Ted Giuliano, chief investment officer of fixed income at Neuberger & Berman, told CNNfn he expects the Fed to hike rates at a more gradual pace. (173K WAV) (173K AIFF)
Supply to be reduced
Also contributing to gains was an announcement of regulations for the U.S. Treasury debt buy-back program. Treasury Secretary Lawrence Summers Thursday said the Treasury will buy back up to $30 billion of government debt this year. Analysts said the program, announced last year, is beneficial to the bond market by reducing supply.
Bond market participants largely ignored robust December retail sales data. The report showed strong holiday sales across the board, up at a 1.2 percent pace, the Commerce Department said. The number was the largest gain in four months and greater than analysts' forecasts of a 0.9 percent gain.

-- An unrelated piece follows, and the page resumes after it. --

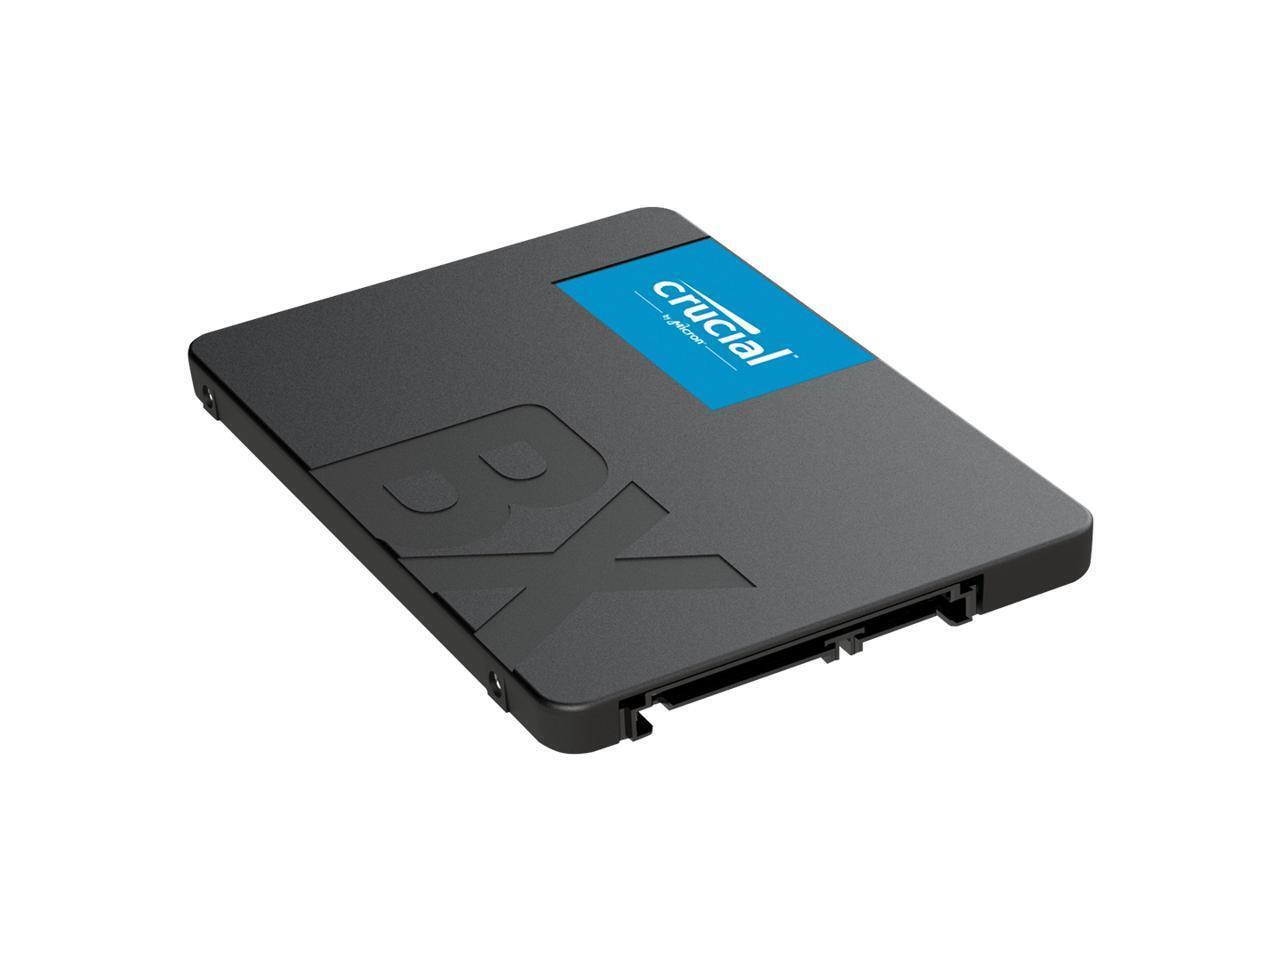 Crucial BX500 2TB 3D NAND SATA 2.5-Inch Internal SSD, up to 540 MB/s -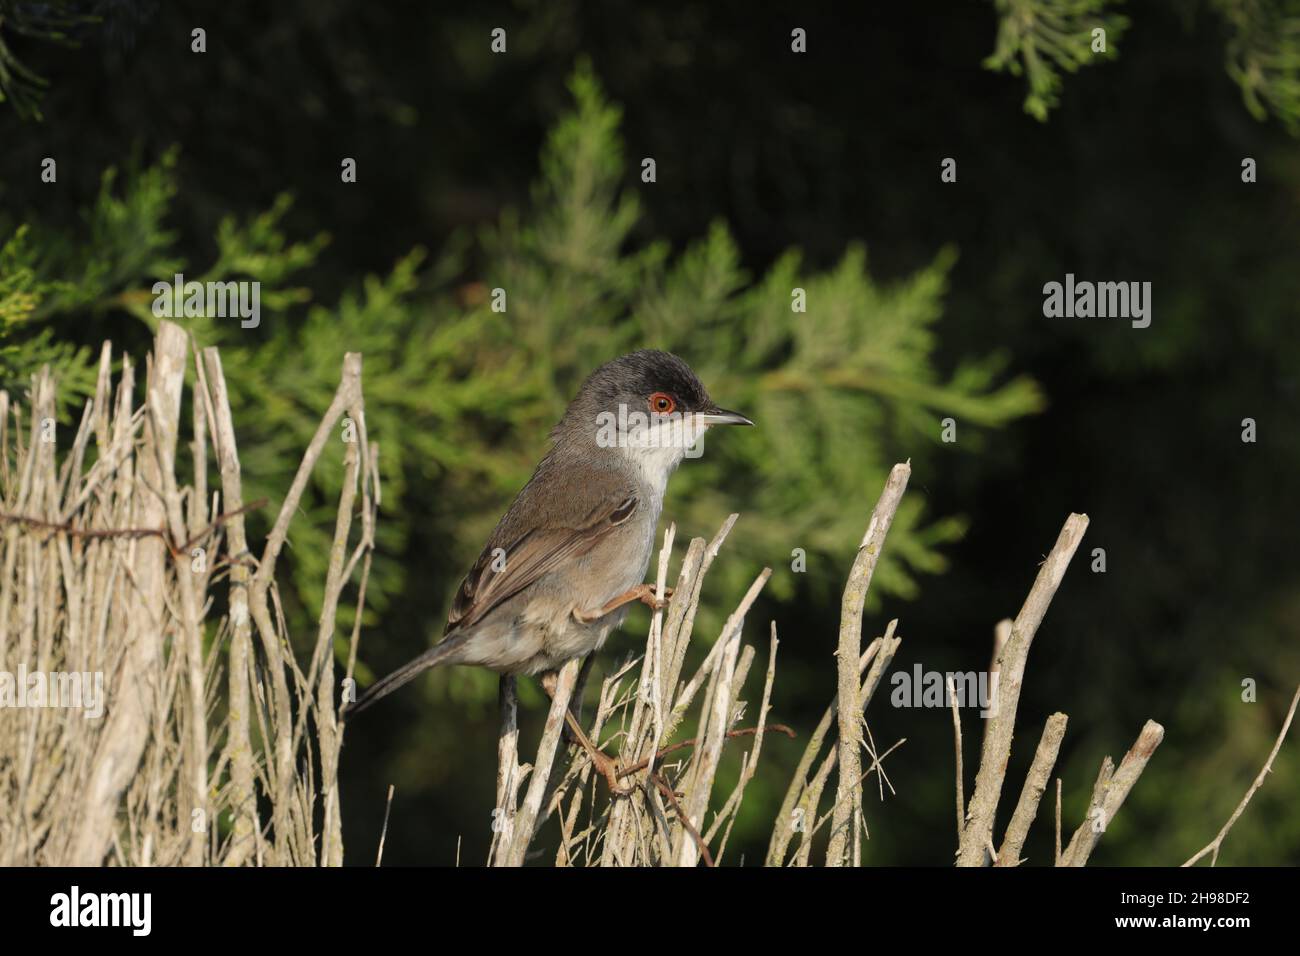 Sardinian warbler a common species on Majorca and around the Mediterranean. Stock Photo

Charles Reinhard, chief market strategist at ABN Amro, said he was not concerned with the strength in the retail sales report. "Although the economy grew briskly, it is not leading to inflation pressure one has to worry about," he said.
Focus now on Greenspan, CPI
With PPI and retail sales out of the way, investors await Fed Chairman Alan Greenspan's speech scheduled this evening and Friday's consumer price index (CPI) report.
Greenspan's much-anticipated speech on technology and the economy is his first speaking engagement this year, and market participants will listen closely for any clues about upcoming monetary policy.
Greenspan's speech follows a spate of speaking engagements by Fed officials this week. Analysts said Fed Governor Edward Gramlich's comments Thursday were considered positive, noting there was no obvious evidence of accelerating inflation in the U.S. economy.
Earlier in the week, both Chicago Fed president Michael Moskow and Richmond, Va., Fed president J. Alfred Broaddus reiterated the Fed chief's view that the central bank must continue to act pre-emptively in order to contain inflation.
Dollar rises
The dollar rose against the major currencies Thursday, trading at the higher end of its recent ranges against both the euro and the Japanese yen.
Just after 3:15 p.m. ET, the dollar changed hands at 106.14 yen, up from 105.72 late Wednesday, a 0.42 percent gain in the dollar's value.
The euro fell to $1.0257 from $1.0310 Wednesday, a 0.53 percent gain in the dollar's value.